For this reason, education entrepreneurs should think differently about how they build companies that serve education. In 2012, education entrepreneur John Katzman argued the need for lean education startups (“one guy with a vision and a bunch of hard-working twenty-somethings”) to fatten up with a mix of people with backgrounds in business and education. His argument is a nice example of how not all best practices from consumer tech will carry over into ed tech.

Entities like the Bill & Melinda Gates Foundation and the Michael & Susan Dell Foundation are investing unprecedented amounts in education technology.

Likewise, there’s an increasing availability of venture capital from top-tier West Coast funds, along with funds in traditional edtech hubs such as Washington, D.C., New York and Boston. In 2013, venture capitalists invested $1.25 billion in education technology companies. Like in other industries, they invested with a time horizon for their return.

Will that return materialize? The answer will be driven by how patient the capital is and how willing entrepreneurs are to work over an extended timescale. Does the entrepreneur blame the education market for not jumping to the end vision, or did she break down the big idea into an on-ramp that bridges vision with where education is today? Colleges and universities most likely will never adopt innovative solutions to higher-education’s knotty problems on the timetable of Wall Street or Silicon Valley. Nor, necessarily, should they. And while I don’t advocate that we must always take baby steps, recent history shows there is virtue in that strategy, or at least planning for it.
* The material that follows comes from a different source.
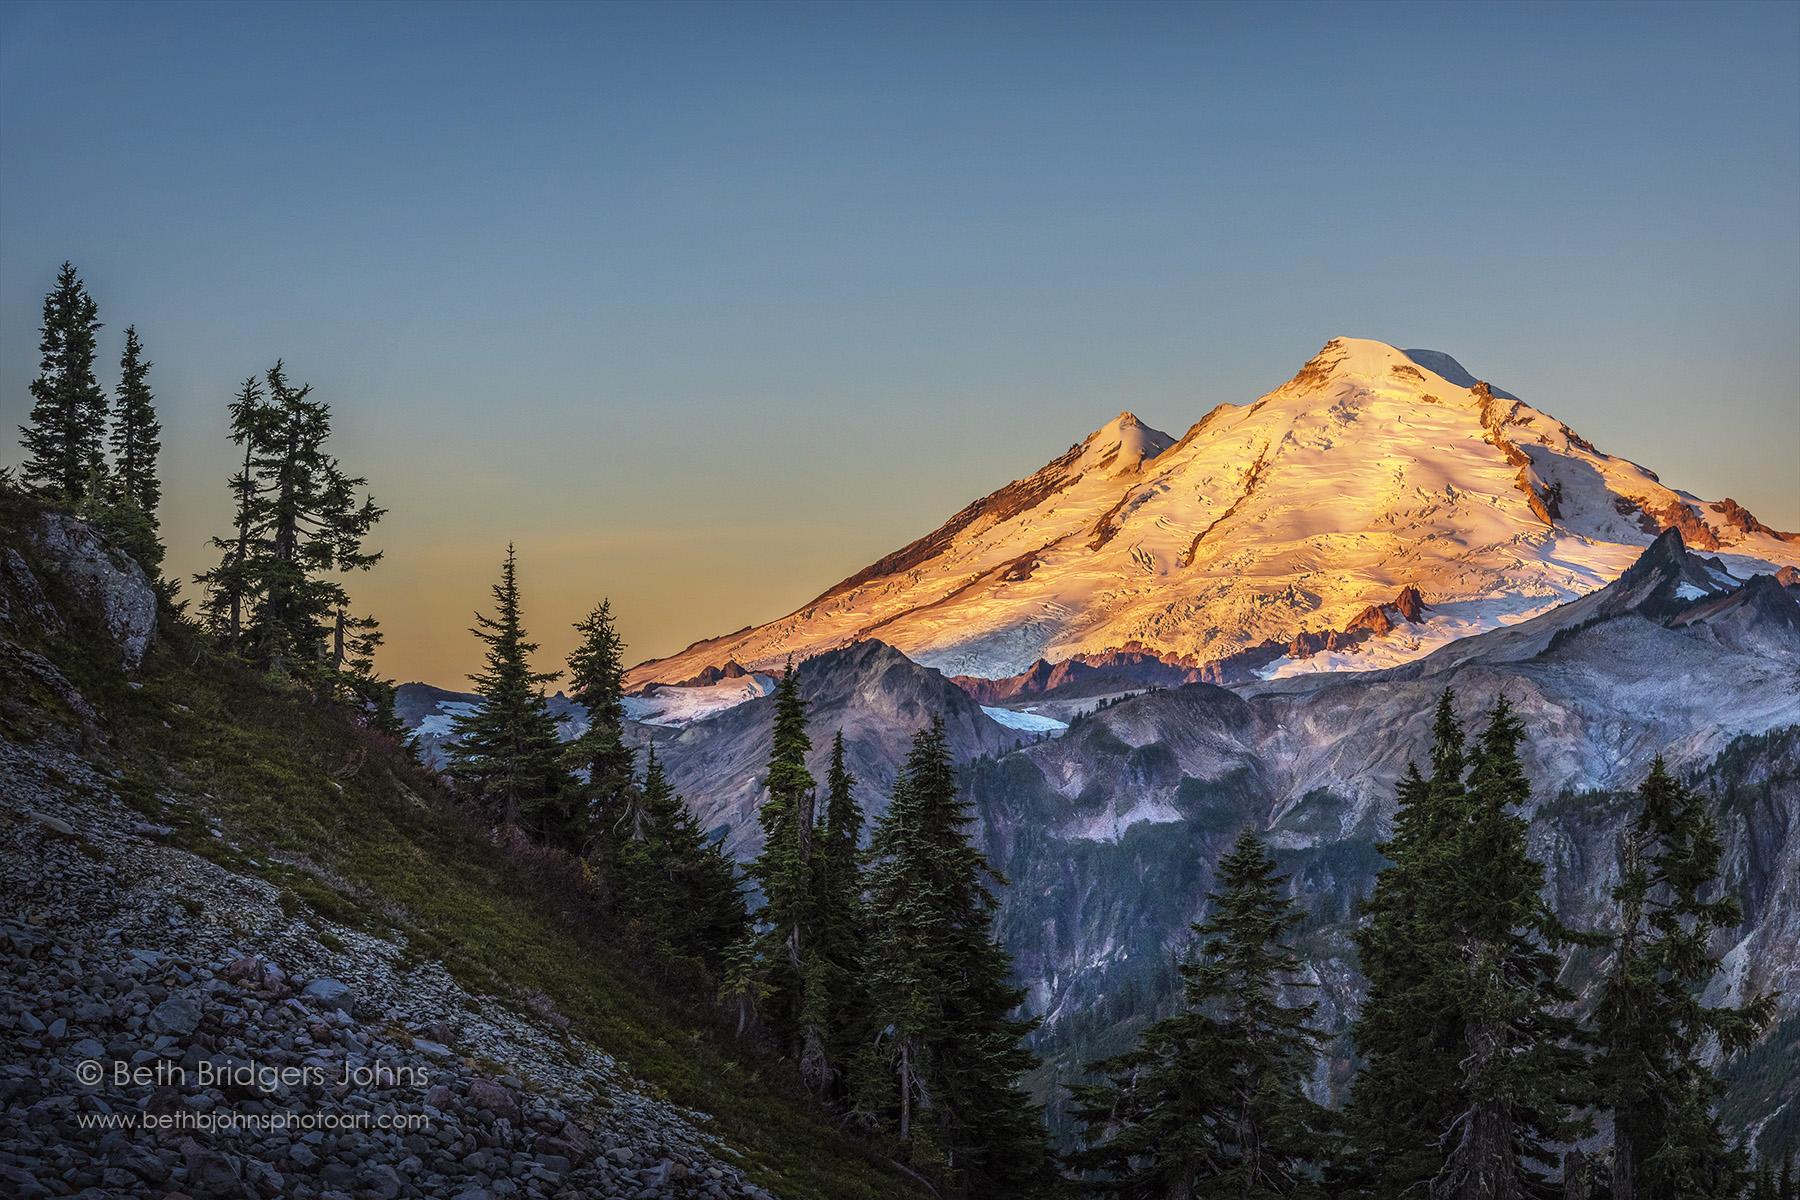 Mount Baker at Sunrise

There’s a lesson to learn from radical incrementalism, or perhaps a challenge to lay down. While many edtech entrepreneurs and investors, particularly those on the West Coast, are comfortable with the radical part, “incremental” is not their calling card. It’s not just about having a big idea or vision and expecting immediate results. It’s also about distilling down that big idea to first solve a pragmatic core problem that logically lays the foundation for success.

Big change does happen in education, it just takes longer. If the last tech boom in education taught us anything, it’s that patient capital, investing in companies that focus on small wins over time on their way to their ultimate vision, pays off in the end.